━━ INFORMATION SUPPLIED
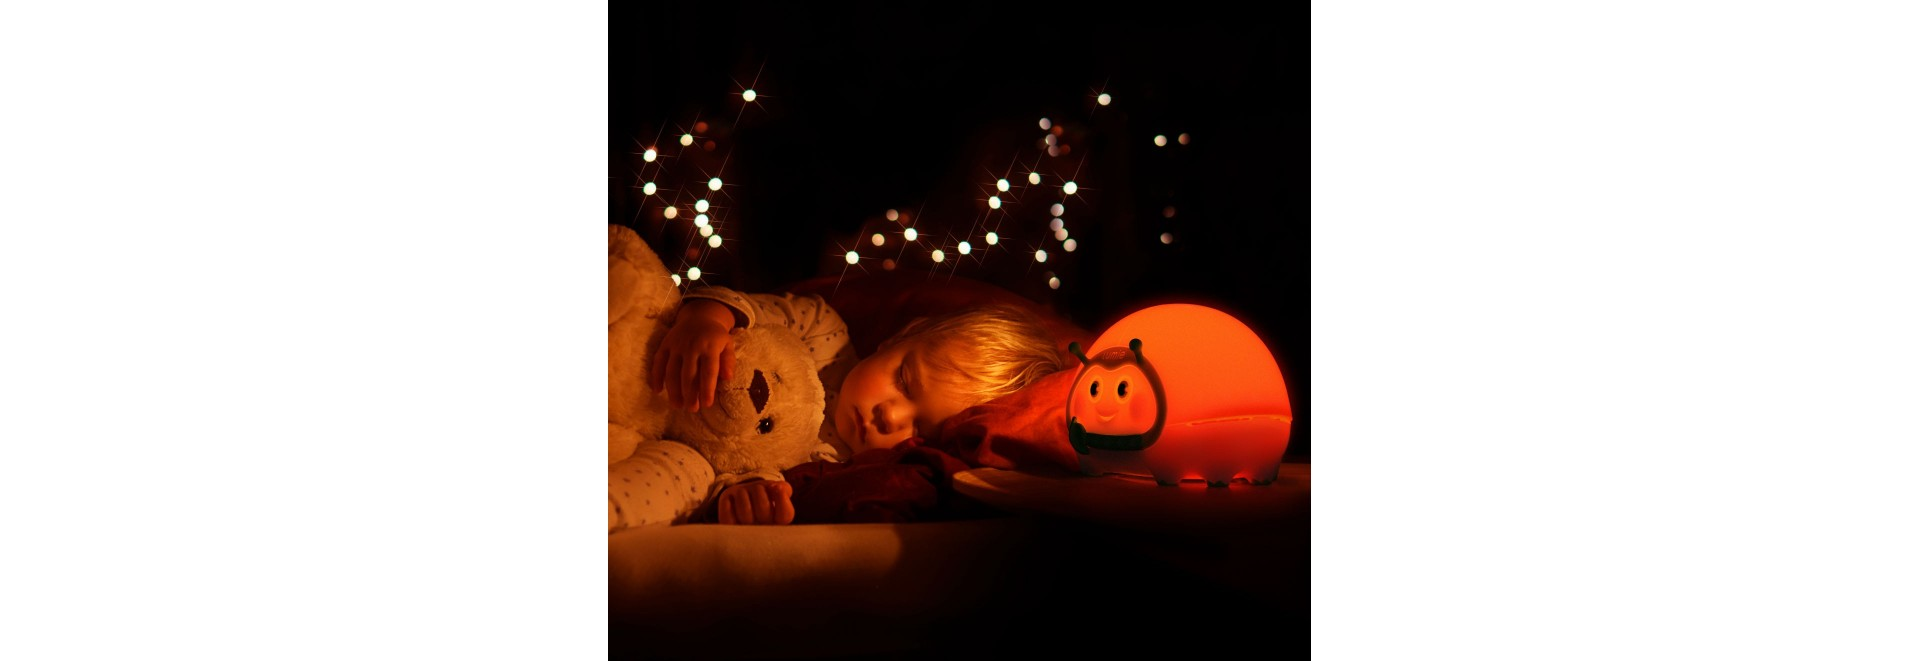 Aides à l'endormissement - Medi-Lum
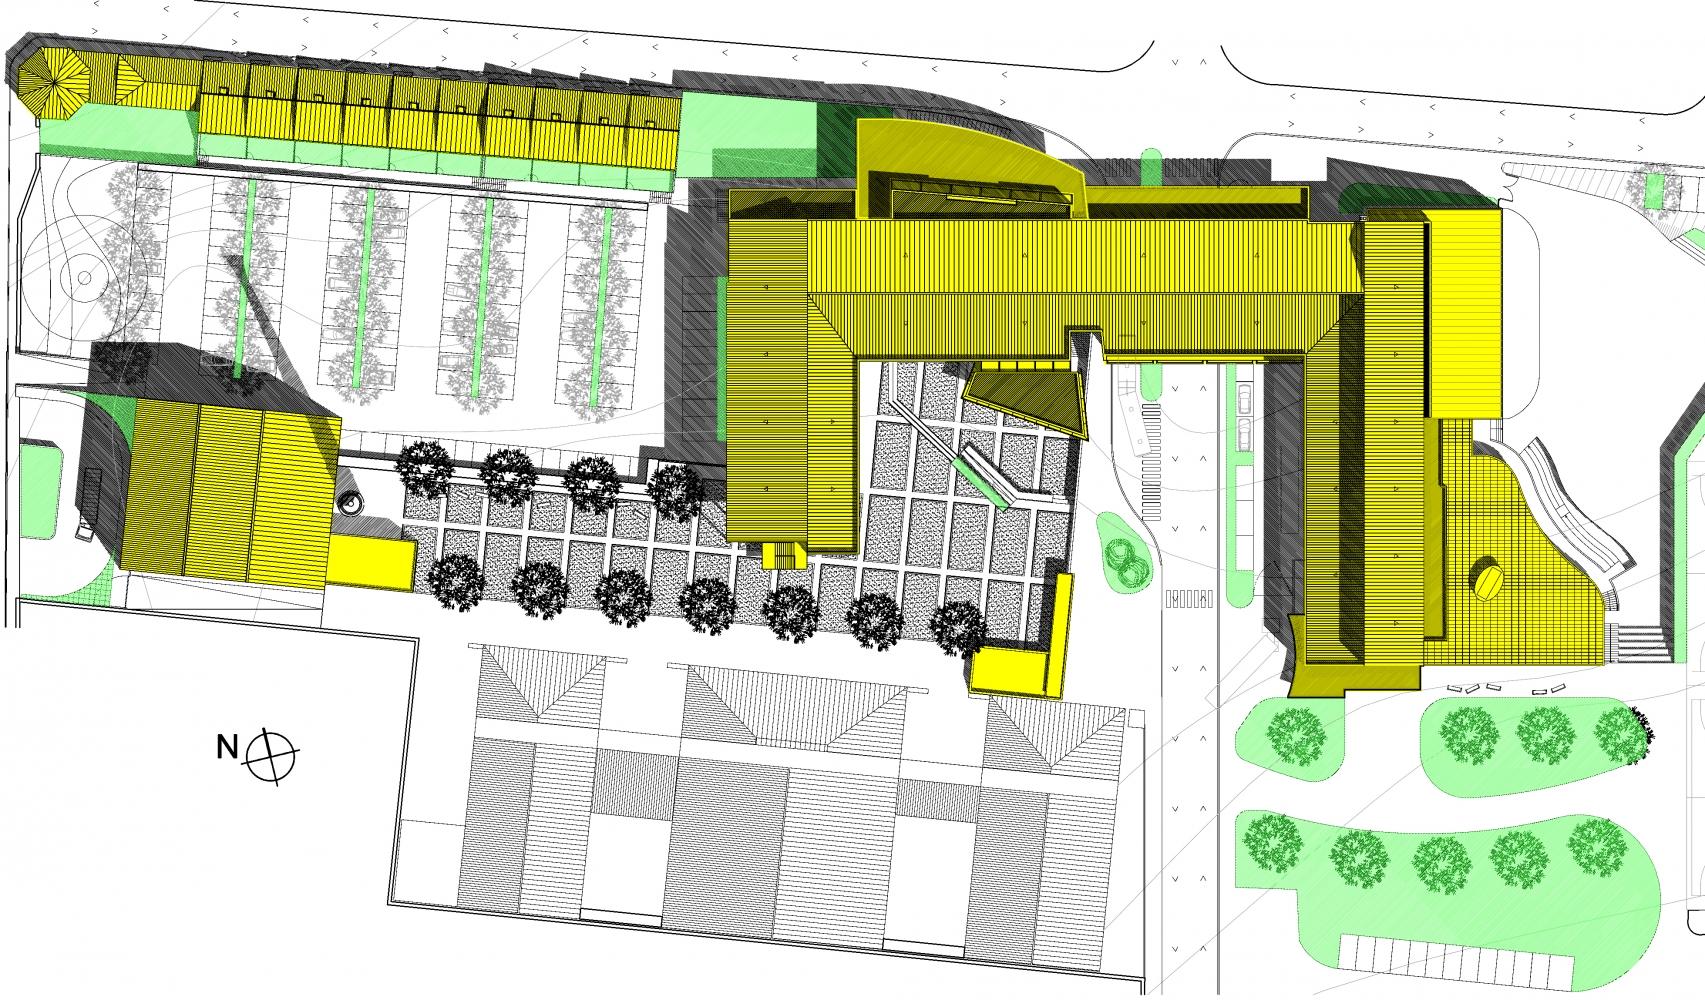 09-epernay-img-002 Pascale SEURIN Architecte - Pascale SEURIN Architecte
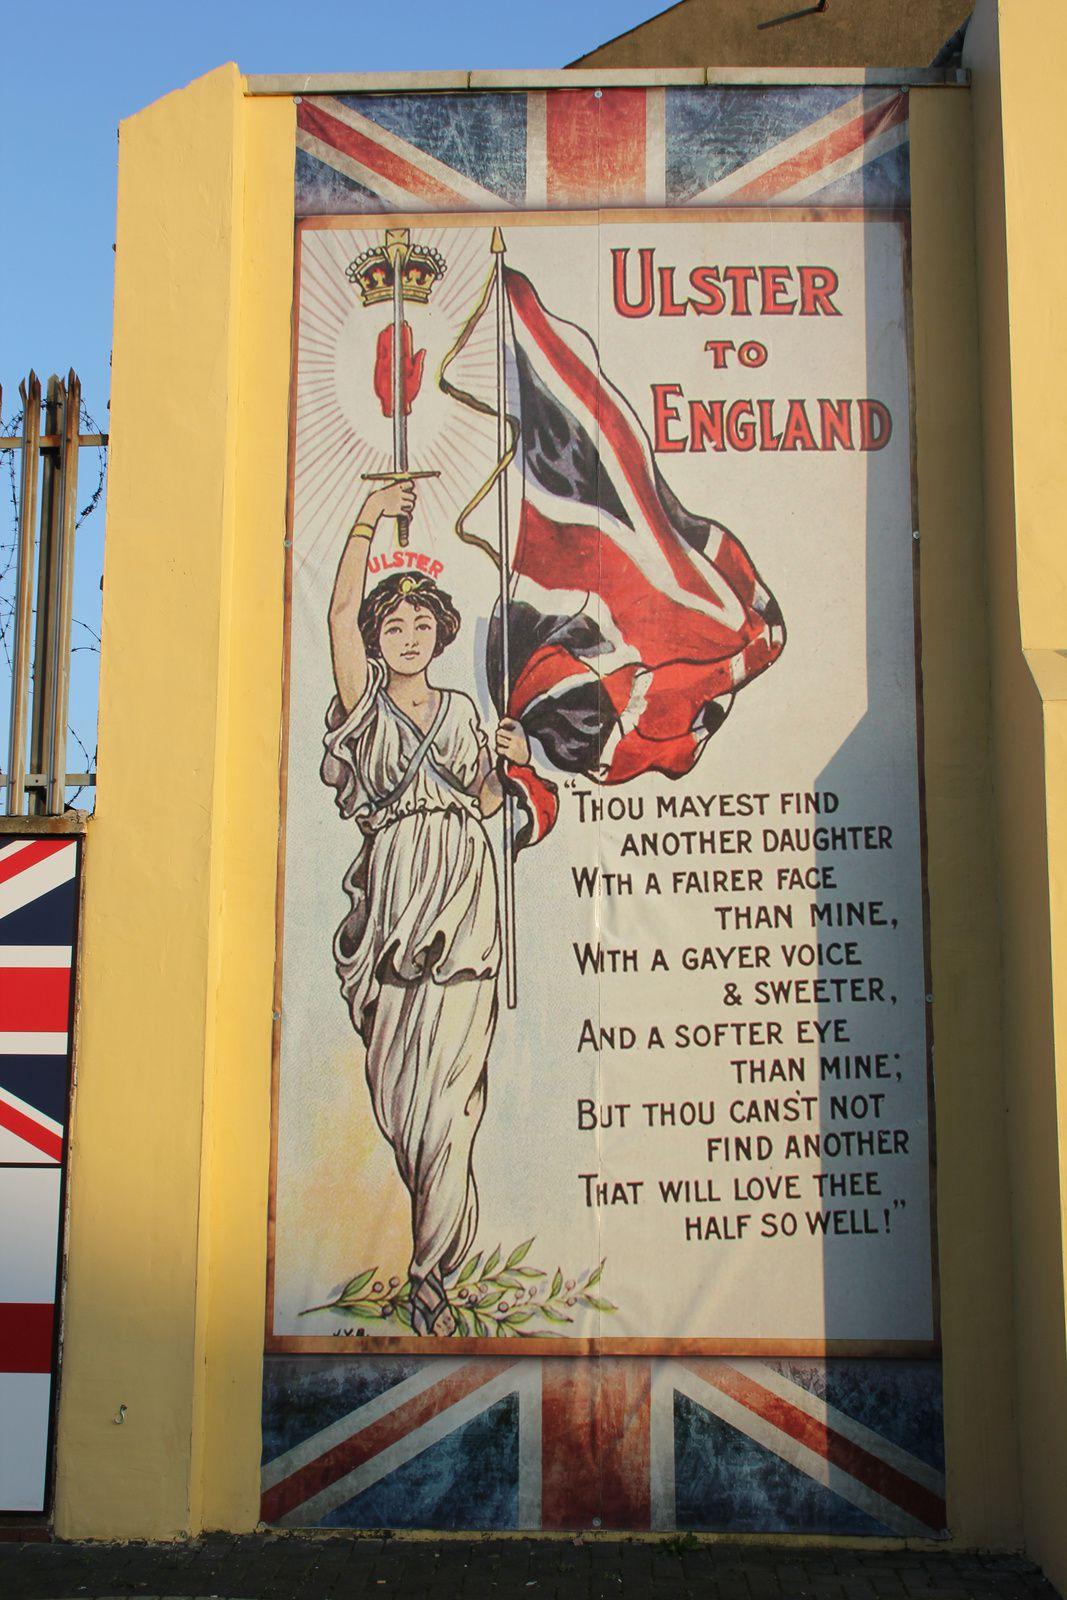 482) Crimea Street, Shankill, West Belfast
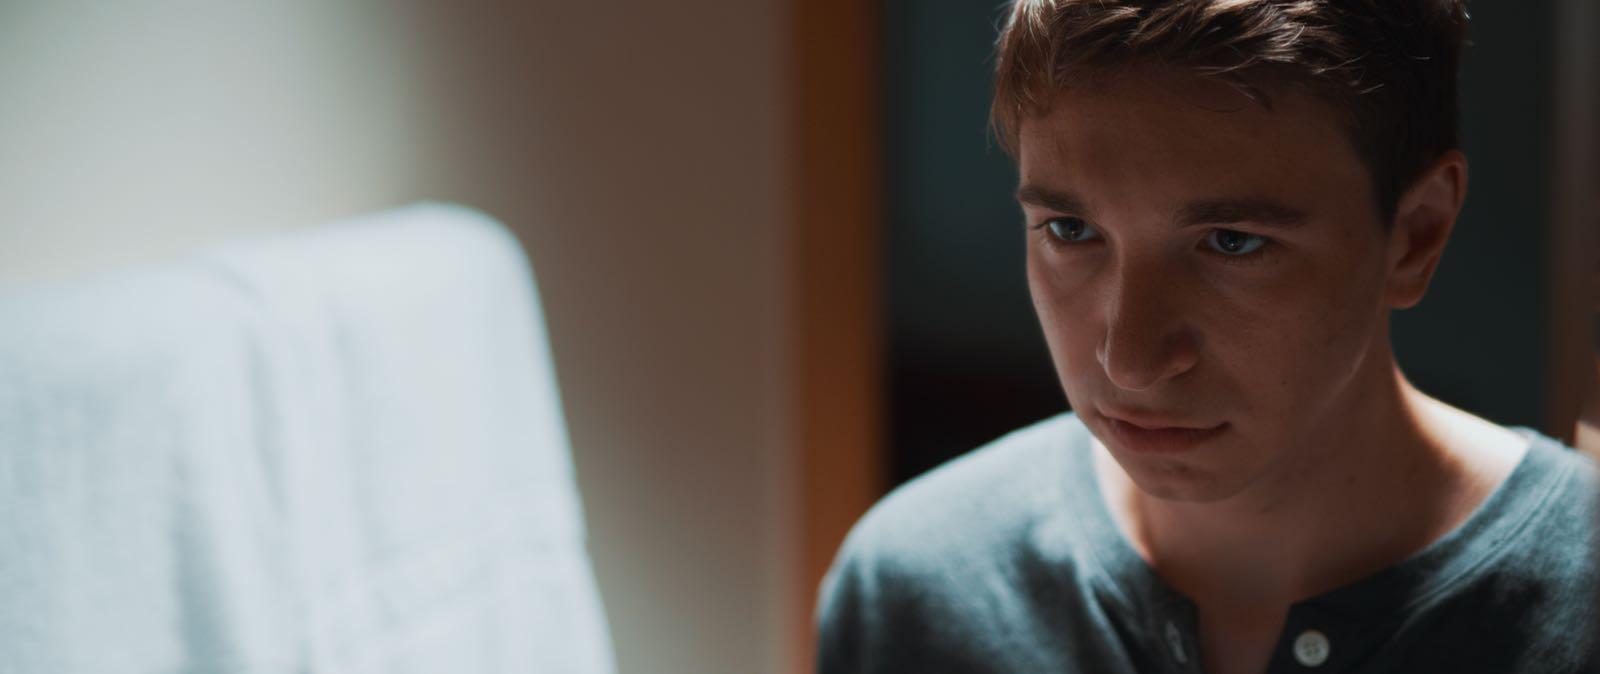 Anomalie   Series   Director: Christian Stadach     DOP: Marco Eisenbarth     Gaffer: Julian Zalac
━━━━
> _HOW TO COMPLETE THIS TASK_: With the pictures left out, transcribe the material exactly.

> _WRITTEN ANSWER_:
 Aides à l'endormissement - Medi-Lum
 09-epernay-img-002 Pascale SEURIN Architecte - Pascale SEURIN Architecte
 482) Crimea Street, Shankill, West Belfast
 Anomalie   Series   Director: Christian Stadach     DOP: Marco Eisenbarth     Gaffer: Julian Zalac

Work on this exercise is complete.